Besides the French candidate, there was also the captive Guelderian duke, Adolf of Egmont, who was released by Flemish rebels in Ghent on the condition that he would liberate Tournai from the French. This way, Mary's party could strike two blows in one move: achieve peace between Burgundy and rebelling Guelders, and forge an alliance between both powers against France. The Siege of Tournai (1477), however, was a failure, which complicated the reconquest of Artois and Picardy. Moreover, Adolf was killed in action (27 June), which eliminated the Guelderian candidate, and prompted the States of Guelders to ally themselves with France instead, continuing their uprising against Burgundy.

Mary's eye was then captured by the Habsburg archduke of Austria, Maximilian I. He possessed the means necessary to repel the French armies, and the Habsburg dynastic forecasts were favourable.
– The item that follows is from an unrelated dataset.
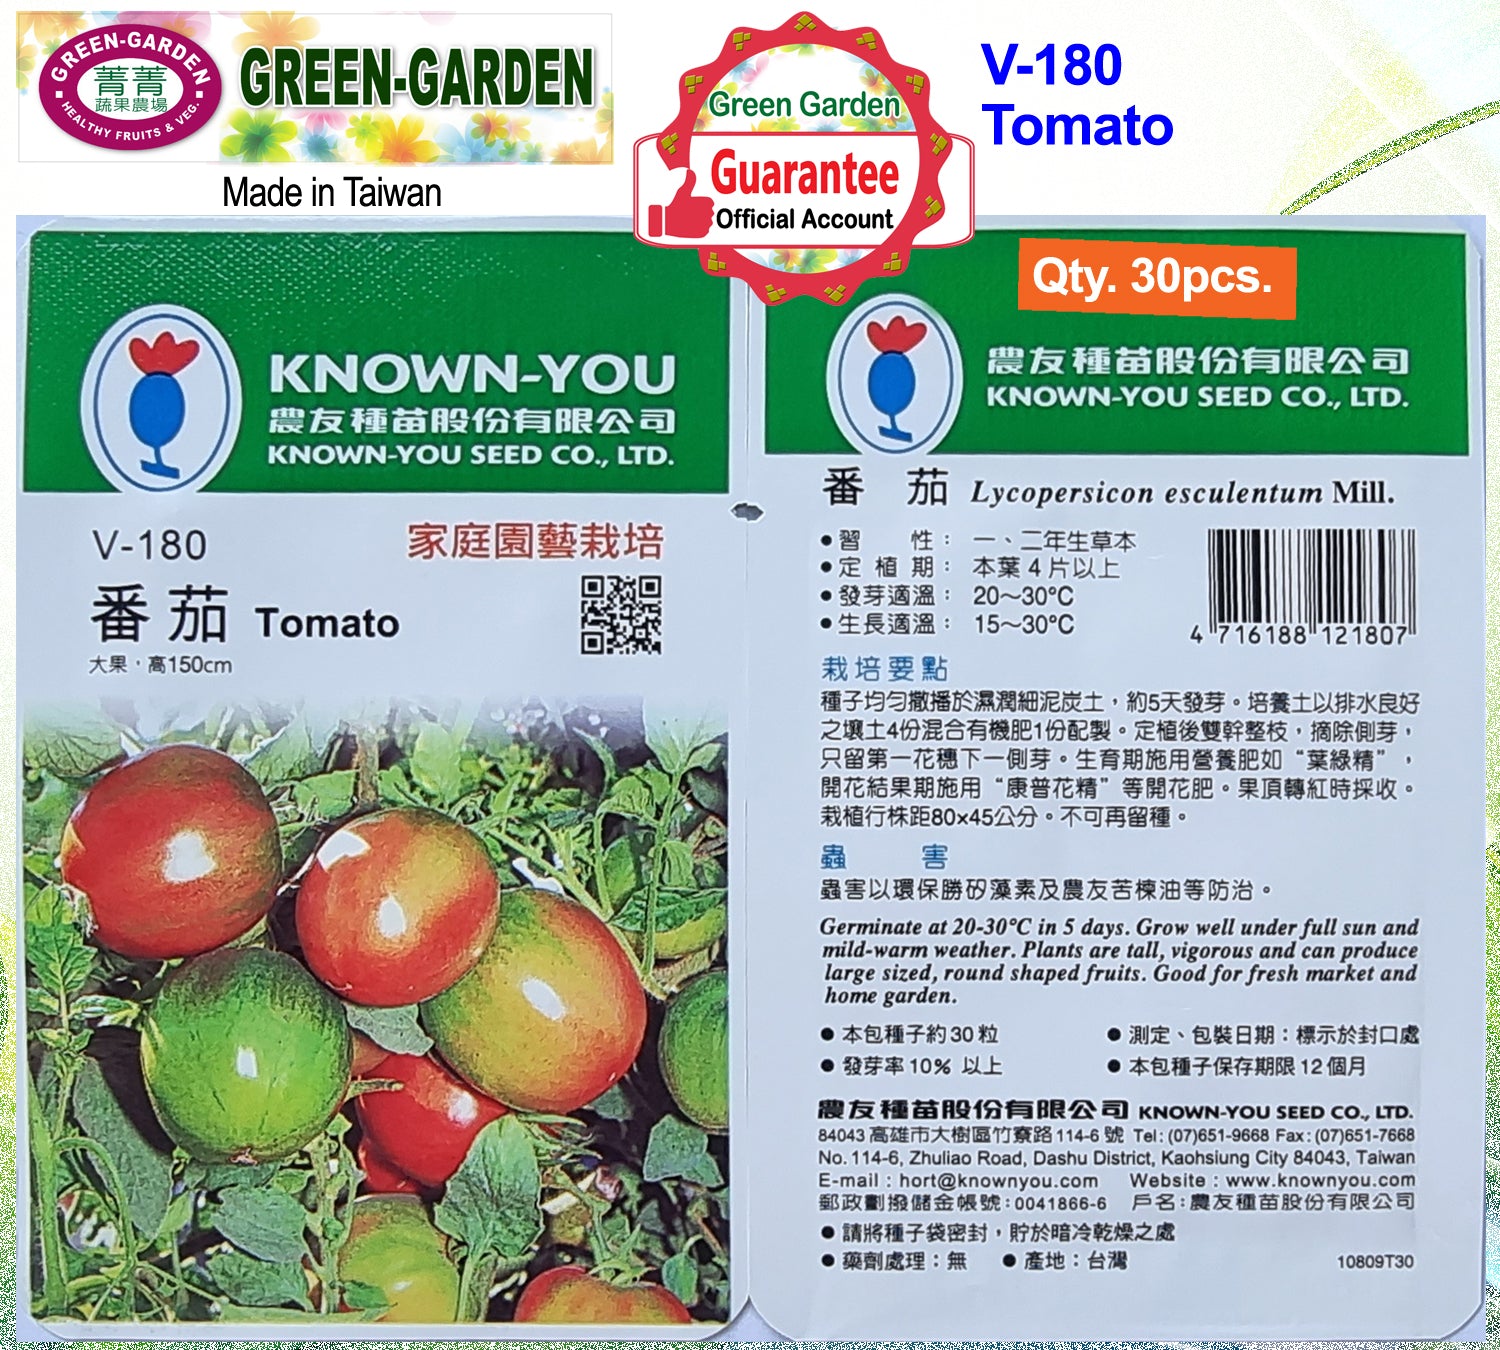 Known You Vegetable Seeds (V-180 Tomato)

On 19 August 1477 the wedding took place, thereby joining the houses of Burgundy and Habsburg together.

War of succession 
Archduke Maximilian then undertook intense efforts to retain as many of the Burgundian hereditary provinces, in which he had to fight off both France in the south and Guelders in the north, and simultaneously repress internal revolts, mainly in Flanders. The perseverance of the heartland of the Burgundian empire turned out to be impossible: the States of Burgundy had already acknowledged the French annexation on 29 January.

Maximilian first turned to diplomacy, reminding French king Louis of the 1475 Peace of Soleuvre in order to retrieve all French-occupied Burgundian territories. He even managed to get his father Frederick III, Holy Roman Emperor to threaten France with an Imperial war because of the occupation of Cambrésis. Louis XI relented, agreed to a ceasefire and returned some border cities including the Imperial City of Cambrai in the autumn of 1477. However, the Duchy of Burgundy and the Free County of Burgundy – the Burgundian heartland – remained in French hands for the time being. In the winter of 1477–8, Maximilian failed to procure the aid of his father Frederick III (who was at war with Hungarian king Matthias Corvinus) and of his cousin Sigismund of Tyrol (who had financial problems and depended on a French pension, so remained neutral).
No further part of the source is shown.